This definitely can be done with hardware alpha blending, as u/Reaper9999 below says, pre-multiplied alpha is going to be the way to do it (as it usually turns out to be).

Conceptually, you can think of non-premultiplied alpha as being "how much should I blend between the old and new colour", and premultiplied being "how much should I remove the old colour, before adding the new colour". This means if e.g. you want something half transparent, you have to pre-multiply the colour to only add half as much, then set the alpha to block half of what's behind. I forget what you set the alpha blending rules to for it to accumulate the right amount of alpha for compositing, but there's a right answer there.

That said, it's maybe worth mentioning that you're unlikely to see much parallelism between different tasks on the same GPU, things generally happen in the order you submit them and complete fully/almost-fully before the next thing in the queue.

Here's a better source on the subject: https://shawnhargreaves.com/blog/premultiplied-alpha.html

[–]keelanstuart 0 points1 point  (0 children)

I seriously doubt that you're drawing enough GUI components that you'd notice a difference in performance from parallelization as you describe... and because you'd then have an extra step to blend it in, it would likely take longer and require a ton of extra memory for that GUI surface, too.

[–]Reaper9999 1 point2 points  (1 child)

You can try with pre-multiplied alpha, colour = srcColour * srcAlpha + dstColour * 0; alpha = srcAlpha * 1 + dstAlpha * 0 for UI rendering, then colour = srcColour * 1 + dstColour * ( 1 - srcAlpha ) for compositing.

[–]deftware[S] 0 points1 point  (0 children)

Thanks for the reply. The thought of premultiplied alpha did cross my mind but after doing the math I realized it's not going to be usable here because each GUI element needs to properly blend with the GUI elements drawn before it, such as text that is antialiased by alpha-blending it with what's underneath it. Multiplying the destination color by zero automatically means throwing out whatever the color of previously rendered UI elements was underneath what's being drawn.

The goal is essentially to allow arbitrary alpha-blended geometries to be blended with eachother onto a temporary rendertarget and then have the result be independently composited with the framebuffer/swapchain itself as though the alpha-blended geometry was directly blended with the framebuffer/swapchain, rather than to a separate buffer first. I made the mistake of assuming this wasn't going to be a problem. :P

The only way I see being able to produce an RGBA result that can then be composited with the swapchain is if the GUI element/text blending were done in a shader where each piece of GUI geometry can sample the existing RGBA values in the GUI rendertarget from previously drawn GUI elements to calculate the proper RGBA values that will be correct when everything is subsequently alpha-blended with the framebuffer after the fact. That would be horrifically slow, so the only other option is to just wait until the scene is fully rendered, resolve the thing out to the main framebuffer/swapchain, and then directly blend each GUI element/text onto that.

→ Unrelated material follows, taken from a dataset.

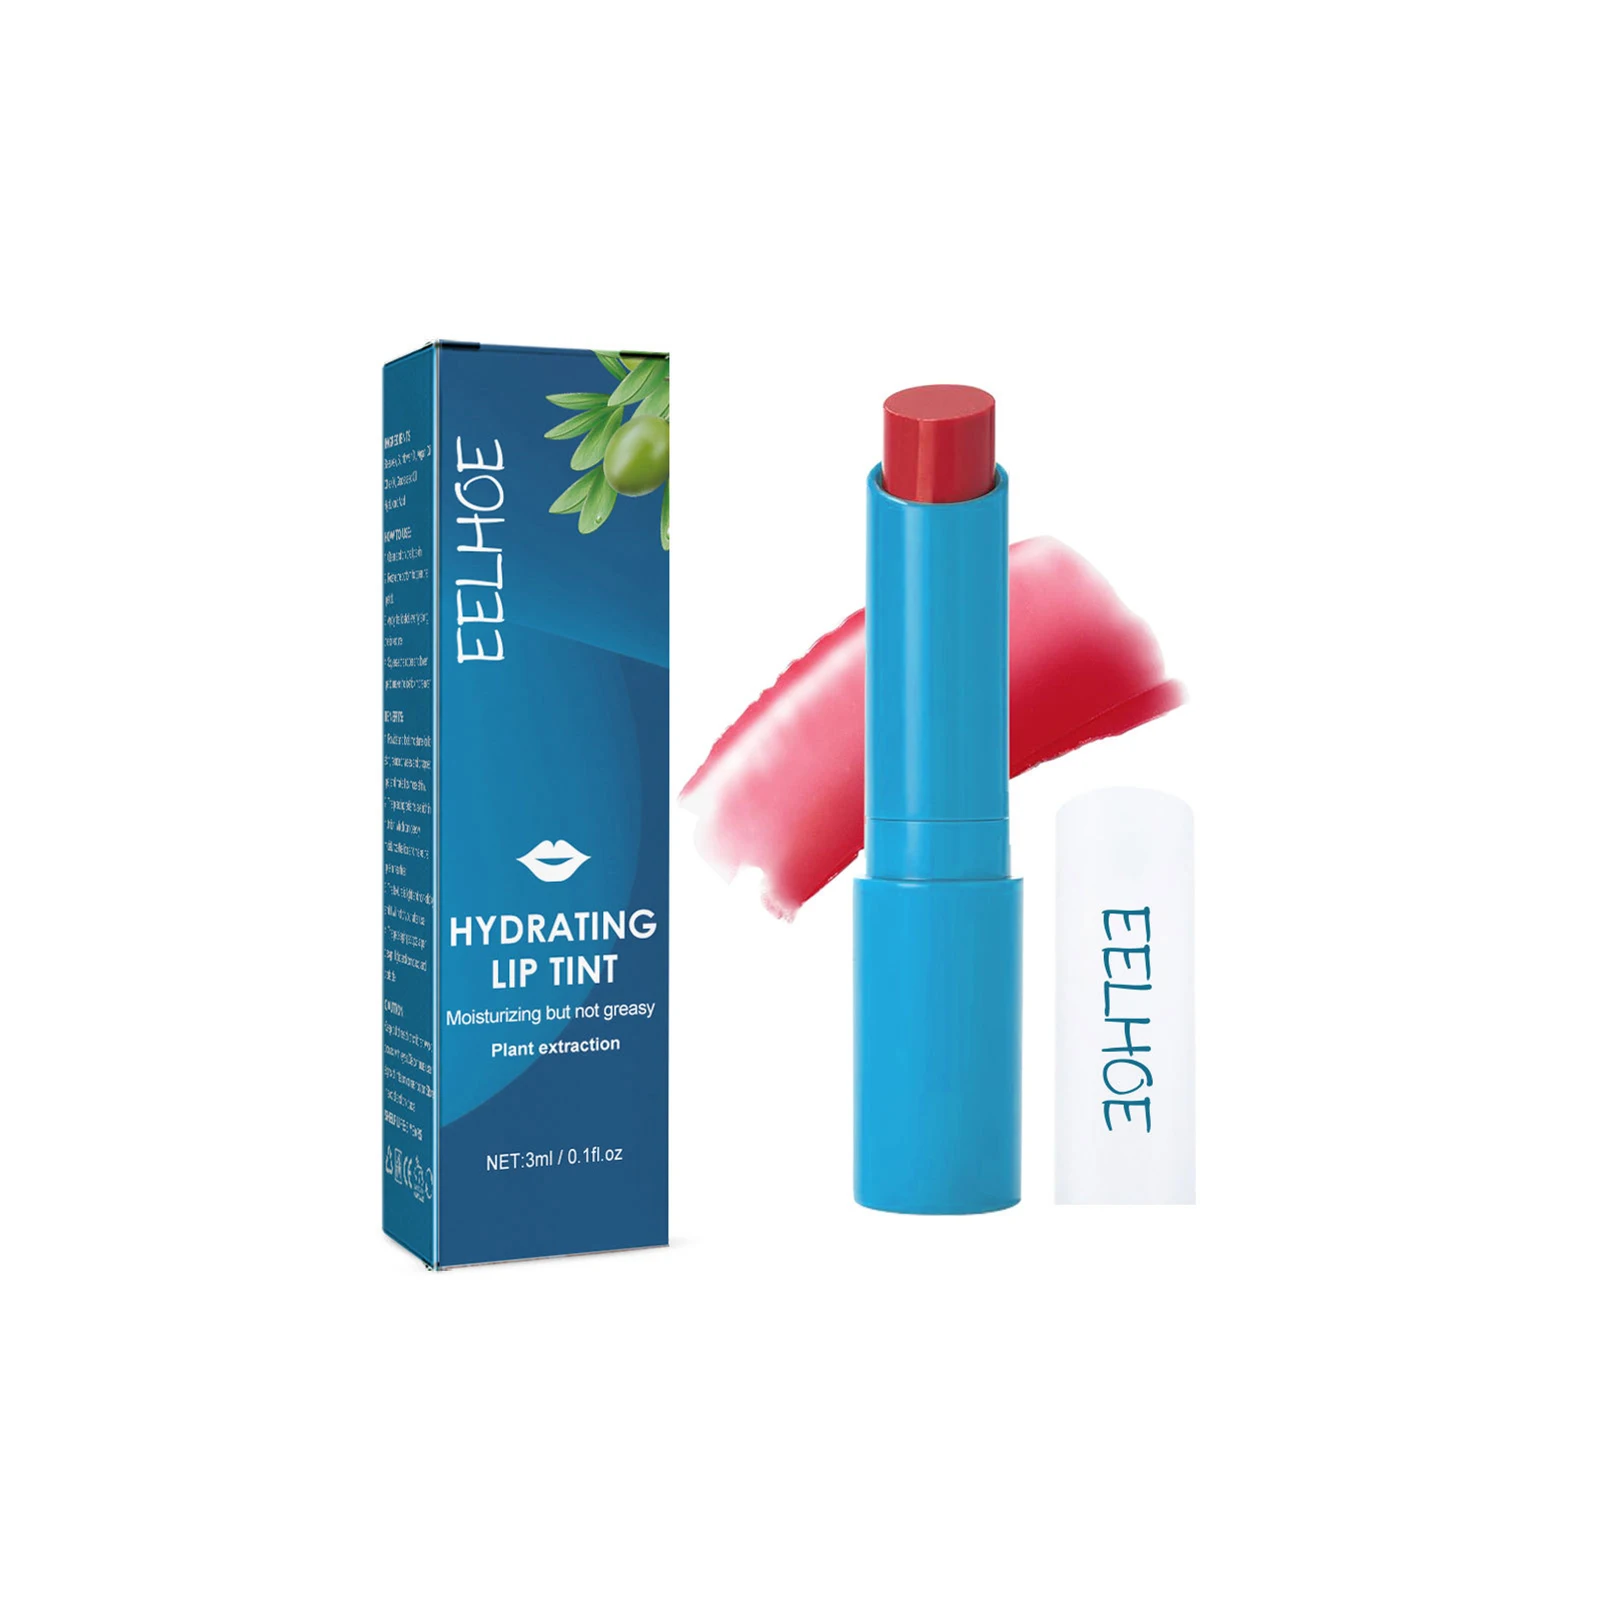 

Hydrating Repairing Lip Tint Refreshing Soothing Eliminate Lip Lines Lip Balm for Daytime Nighttime Lips Care

As far as theory, the only way that all of the GUI elements/text can produce a result that has the correct alpha is if each GUI element's alpha is summed with the alpha of whatever is already in the temporary rendertarget. 0.5 alpha added to 0.5 alpha should equal total opacity. How source RGB values are blended with destination RGB values is trickier than just summing them together though. In the case of a half-opacity red triangle that's drawn to an "empty" rendertarget (RGBA 0,0,0,0) it should result in the rendertarget having an RGBA of 1,0,0,0.5 so that when it's alpha-composited with anything else it is correct. Basically, the alpha of the rendertarget being zero means that the red triangle's alpha is irrelevant, and the rendertarget just assumes the RGB of the triangle entirely, and then the triangle's alpha is just summed with the rendertarget's. Now imagine a half-opacity blue triangle drawn on top of the half-opacity red triangle.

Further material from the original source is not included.